Asymptotic Equipartition of Markov Chains

Peter KrafftStatisticsLeave a Comment

The Asymptotic Equipartition Property/Principle (AEP) is a well-known result that is likely covered in any introductory information theory class. Nevertheless, when I first learned about it in such a course, I did not appreciate the implications of its general form.  In this post I will review this beautiful, classic result and offer the mental picture I have of its implications. I will frame my discussion in terms of Markov chains with discrete state spaces, but note that the AEP holds even more generally. My treatment will be relatively informal, and I will assume basic familiarity with Markov chains. See the references for more details.

The intuition for the AEP is most clear in the special case of i.i.d. samples. Consider a chain of N samples from a categorical distribution over the states 1,\ldots,S described by the probability vector \vec{p}. In this case each symbol will appear about p_s N times with high probability, and in particular the joint probability of each chain will be about p = p_1^{p_1 N}p_2^{p_2 N}\cdots p_S^{p_S N}. Interestingly, \log p = N\sum_s p_s \log p_s = -NH, where H is the entropy of the sampling distribution. Thus the probability of most trajectories sampled will be close to 2^{-NH}.

Somewhat surprisingly, the same results holds for general (ergodic, stationary) Markov chains.  In this case the AEP is stated (as in Shannon [1]): The set of possible length N trajectories of a Markov chain X_1 = x_1, \ldots, X_N = x_N can be partitioned into two disjoint groups, one set whose total probability is arbitrarily small as N increases and another whose members each have a probability p = P(X_1 = x_1, \ldots, X_N = x_N) with \frac{\log p^{-1}}{N} \approx H. See Cover and Thomas [2] or the AEP wikipedia page for a proof. This result is called the “equipartition” principle because it says that most of the trajectories in the “typical” or likely set will have approximately equal probability, though I should note that MacKay [3] warns about taking this interpretation too literally.

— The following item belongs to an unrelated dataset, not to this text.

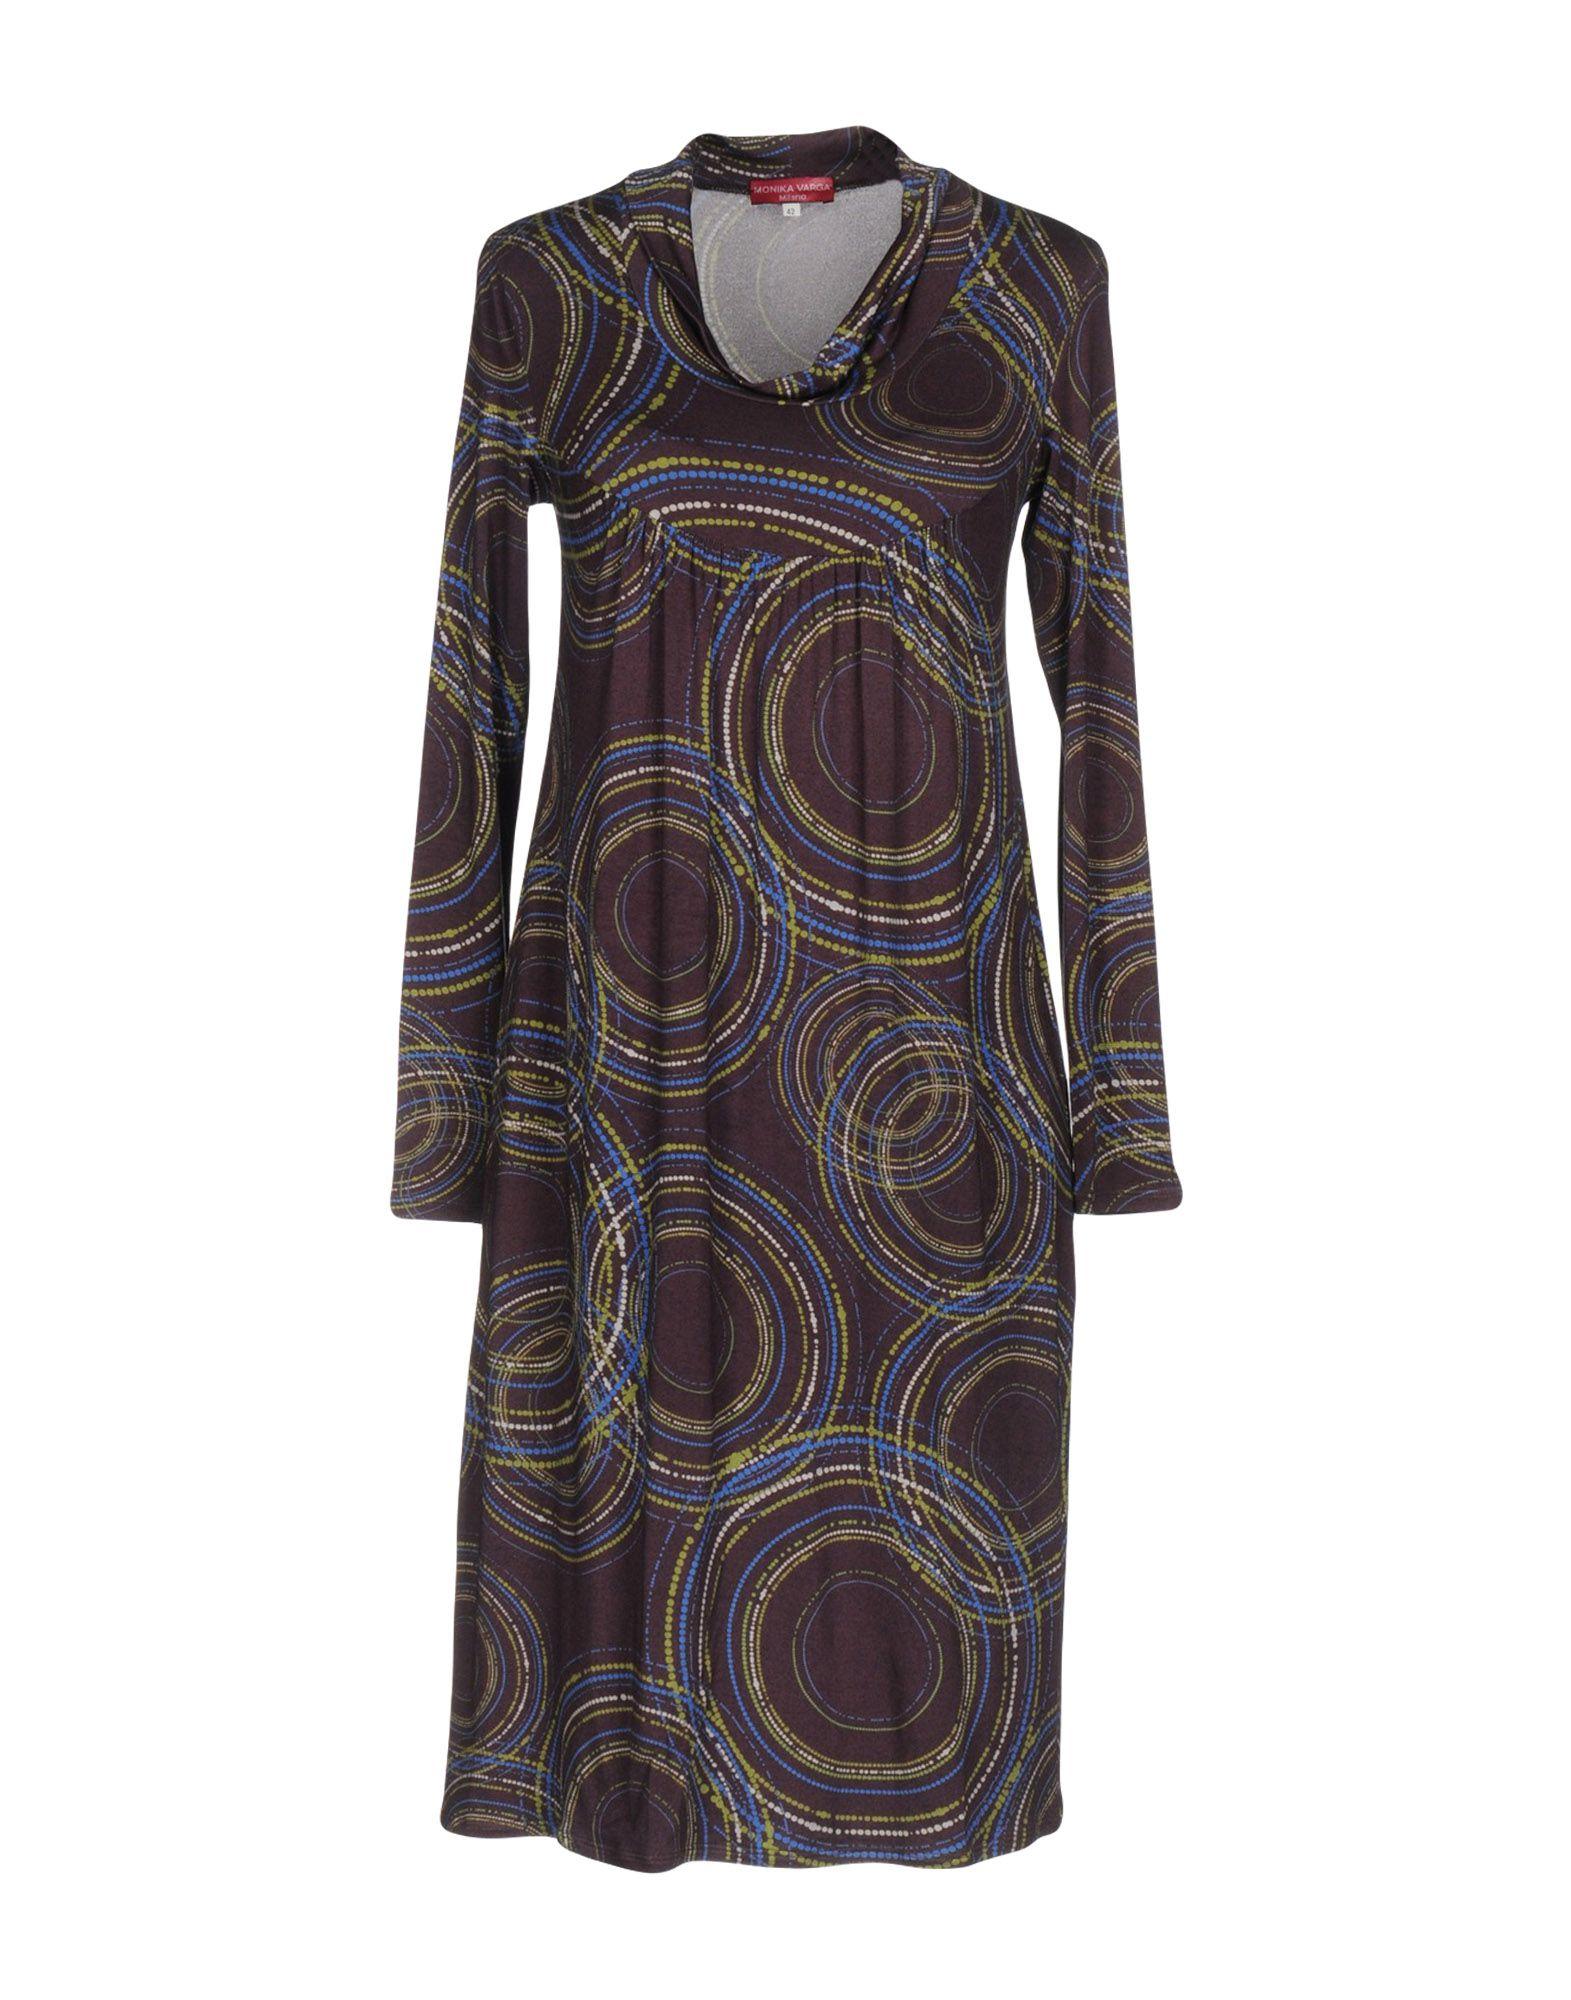 MONIKA VARGA Короткое платье cazdzy короткое коктейльное платье с бантами

The reason this is interesting is partly because you might think that as the length of a Markov chain grows there would be S^N trajectories each with approximately equal probability. A moment’s thought shows this cannot be the case since trajectories consisting mainly of unlikely states will become far less likely. The AEP formalizes this intuition and gives a precise characterization of the number of likely trajectories. At one extreme a chain with zero entropy, which always samples the same state, will have only one trajectory with nonzero probability. At the other extreme a chain that always samples from the uniform distribution over all states will indeed have what one might naively suspect, S^N equally likely trajectories. The AEP nicely characterizes the rest of the spectrum.

The way I currently visualize the AEP is then as kind of a row property of Markov chains.  Imagine laying out all possible trajectories of a length N Markov chain, X_1, \ldots, X_N, in an S^N \times N matrix, where each row i is a trajectory with joint probability P(X_1 = x_{i1}, \ldots, X_N = x_{iN}). One important column property of this matrix is that the marginal distribution of the states in any arbitrary column j, P(X_j = x) = \sum_{i} P(X_1 = x_{i1}, \ldots, , X_j = x, \ldots, X_N = x_{iN}), will be the invariant distribution of the Markov chain. The AEP then describes an interesting row property: the probability mass of P(X_1, \ldots, X_N) is concentrated on only 2^{NH} of the S^N rows, and each of those rows has approximately equal probability, 2^{-NH}. The AEP is thus a fascinating and deep result relating the entropy of a Markov chain to not only the joint probability of its trajectories but also the size of the effective support over its possible trajectories.


[1] Claude E. Shannon. “A Mathematical Theory of Communication”, Section 7. The Bell System Technical Journal. 1948.
[2] Thomas M. Cover and Joy A. Thomas. Elements of Information Theory, Chapters 3 and 16.8. Second edition. John Wiley & Sons, Inc. 2006.
[3] David J.C. MacKay. Information Theory, Inference, and Learning Algorithms, Section 4.4. Version 7.2. Cambridge University Press. 2005.